L14 left you with the matrix: a machine that bends a whole space, every vector at once. That explains how a model moves a representation from one space to another. It leaves a sharper question open. When a layer turns a 4096-number hidden state into a 64-number attention head, where does the information in the other dimensions go?
It gets dropped. On purpose.
That drop is what this lesson is about. A projection takes a representation and produces a smaller or simpler one, keeping some of the information and discarding the rest. Every embedding, every attention head, every pooling layer, every feature extractor is a version of it.
The reason it matters reaches past any single operation. A system that keeps everything about its input has learned nothing; it's a copy machine. A system that keeps the right things has found structure. Deciding what to keep is most of what intelligence, biological or artificial, actually does.
Start with a shadow. Hold a 3D object up to a light and it casts a 2D shadow on the wall. The shadow is a projection: a map from a higher-dimensional thing (the object) to a lower-dimensional one (the outline).
The shadow keeps some information. You can often recognise a hand, a chair, a person from the shadow alone. It also loses information: depth is gone, and two different objects can cast the same shadow. That pairing, keep some and lose some, is the whole idea.
Mechanically, a projection is a transformation (often a matrix, from L14) whose output lives in fewer dimensions than its input, or in a restricted part of the same space. Apply it and the directions you chose to care about survive; the directions it was built to ignore collapse to nothing.
A projection can't be reversed. Once depth is gone from the shadow, no amount of staring at the wall brings it back. In matrix terms, the projection sends many different inputs to the same output: every object at a given outline maps to that outline. The map is many-to-one, and a many-to-one map has no inverse.
Worked example with small numbers. Take a 3D point (4, 7, 9). Project onto the first two axes (the x-y plane): keep x and y, drop z.
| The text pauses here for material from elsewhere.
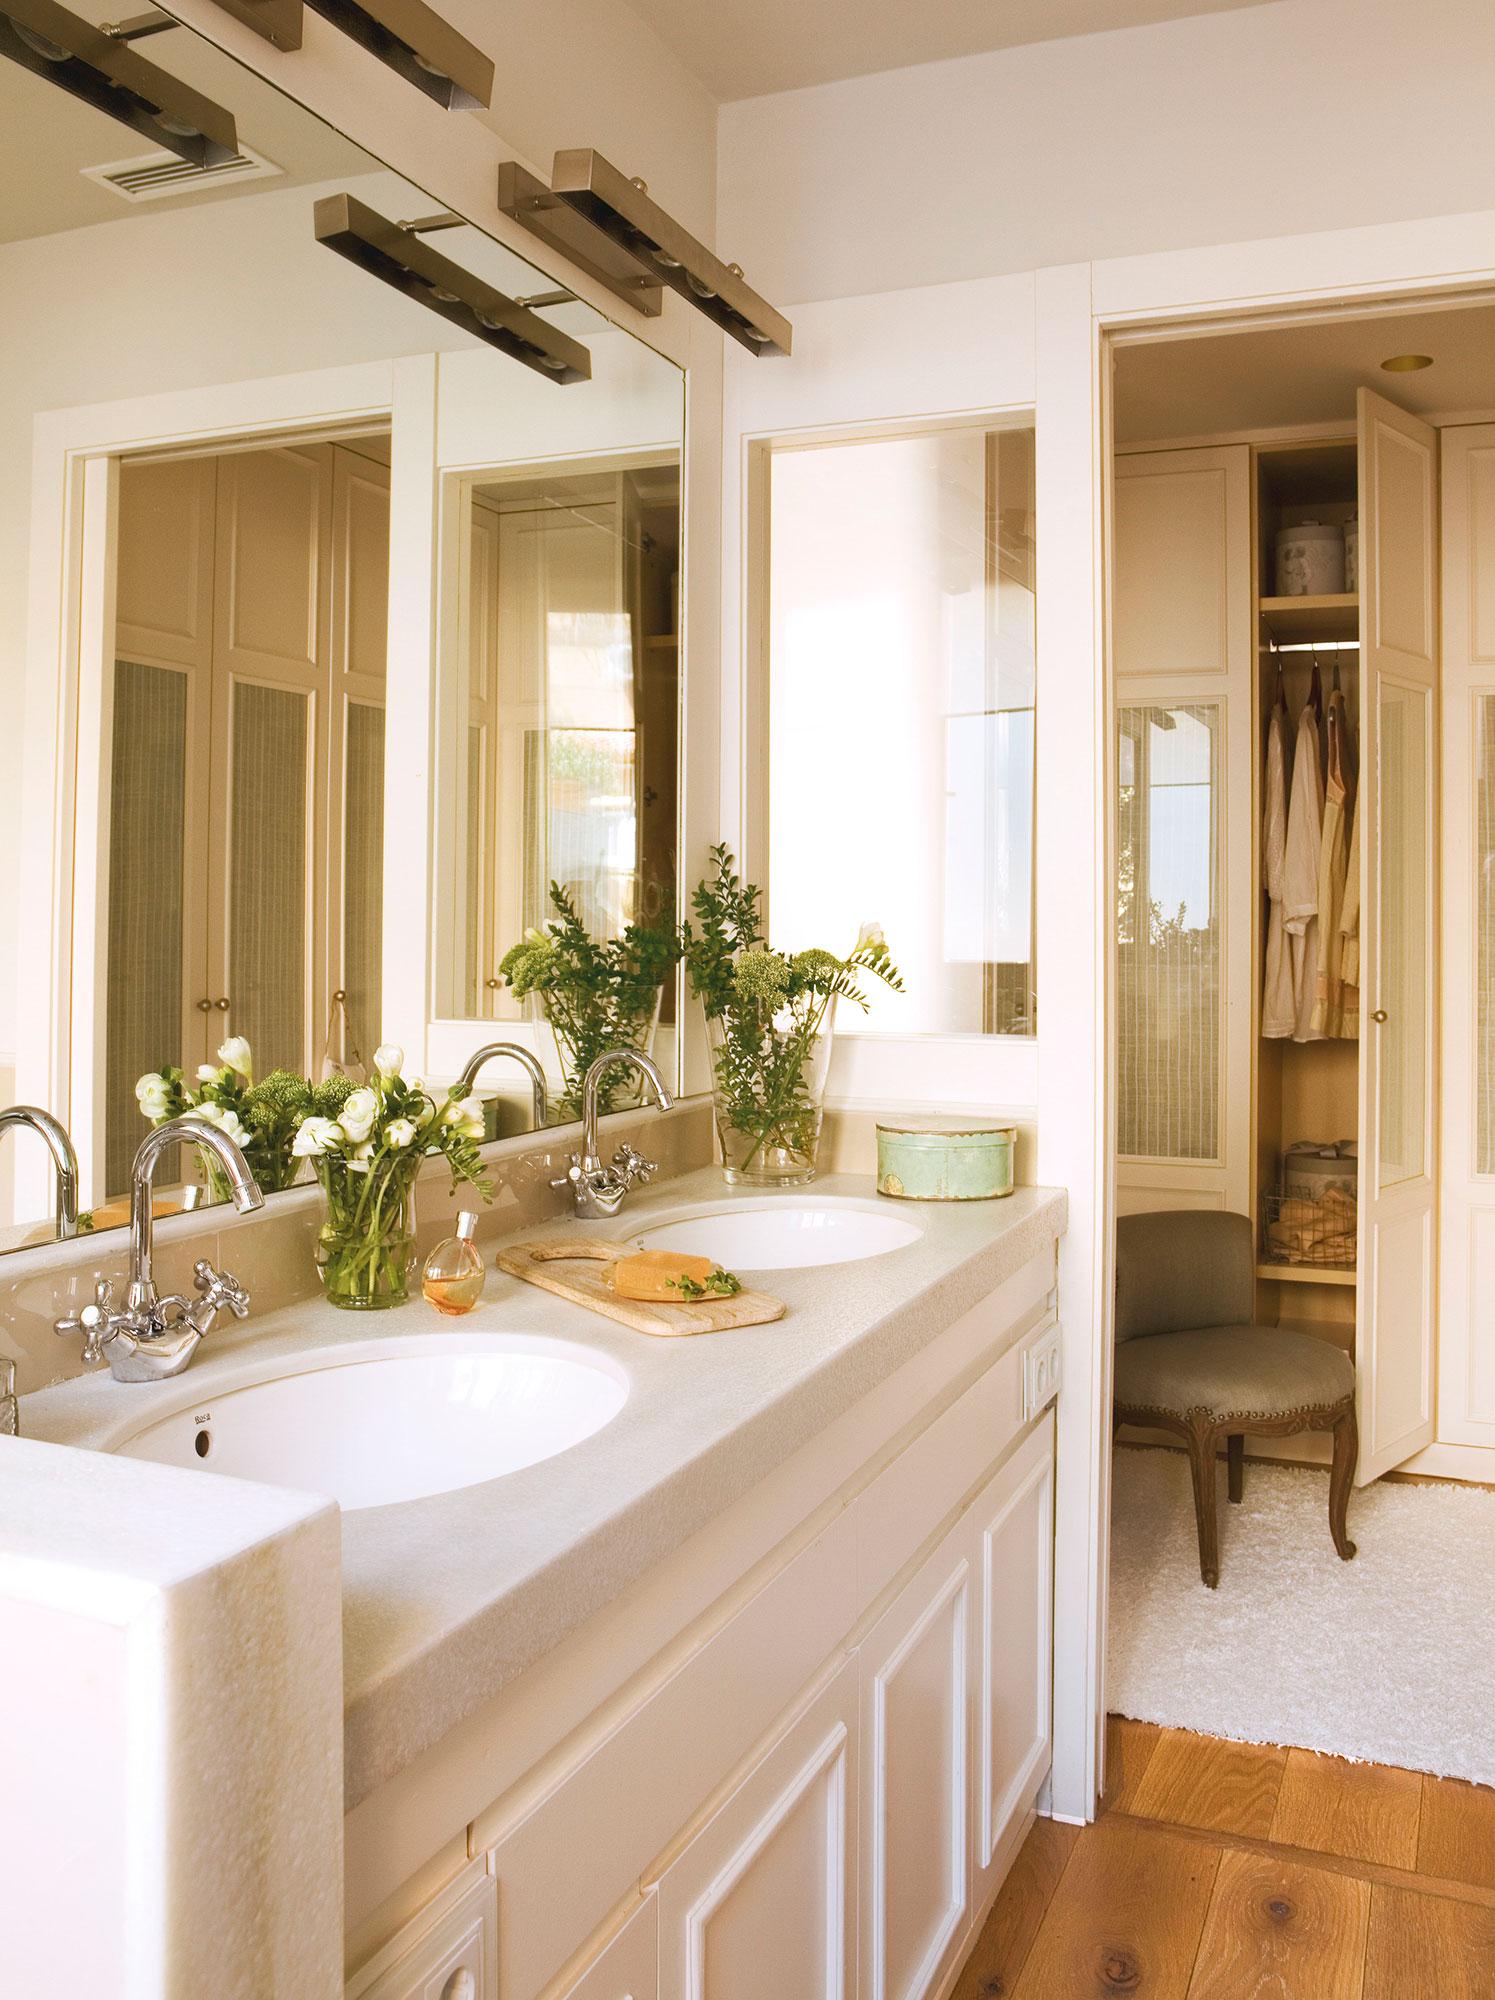 Baño abierto al vestidor con mueble bajolavabo y lavamos dobles

The output is (4, 7). The 9 is gone. The points (4, 7, 9), (4, 7, 0), and (4, 7, −2) all land on (4, 7). Three different inputs, one output. The information that separated them lived entirely in the third coordinate, and the projection chose not to keep it.
So naming the cost is half the lesson: a projection is lossy by construction. It always loses information. The only question that matters is whether it kept the right information.
Discarding sounds like damage. Most of the time it's the goal. Four reasons.
Noise. Real inputs carry variation you don't want: sensor jitter, lighting, phrasing, measurement error. A projection that drops the noisy directions and keeps the signal directions hands the next stage a cleaner input. Phase 1 (L7) called this invariance: a good representation is unchanged by transformations that don't matter. A projection is how invariance gets built.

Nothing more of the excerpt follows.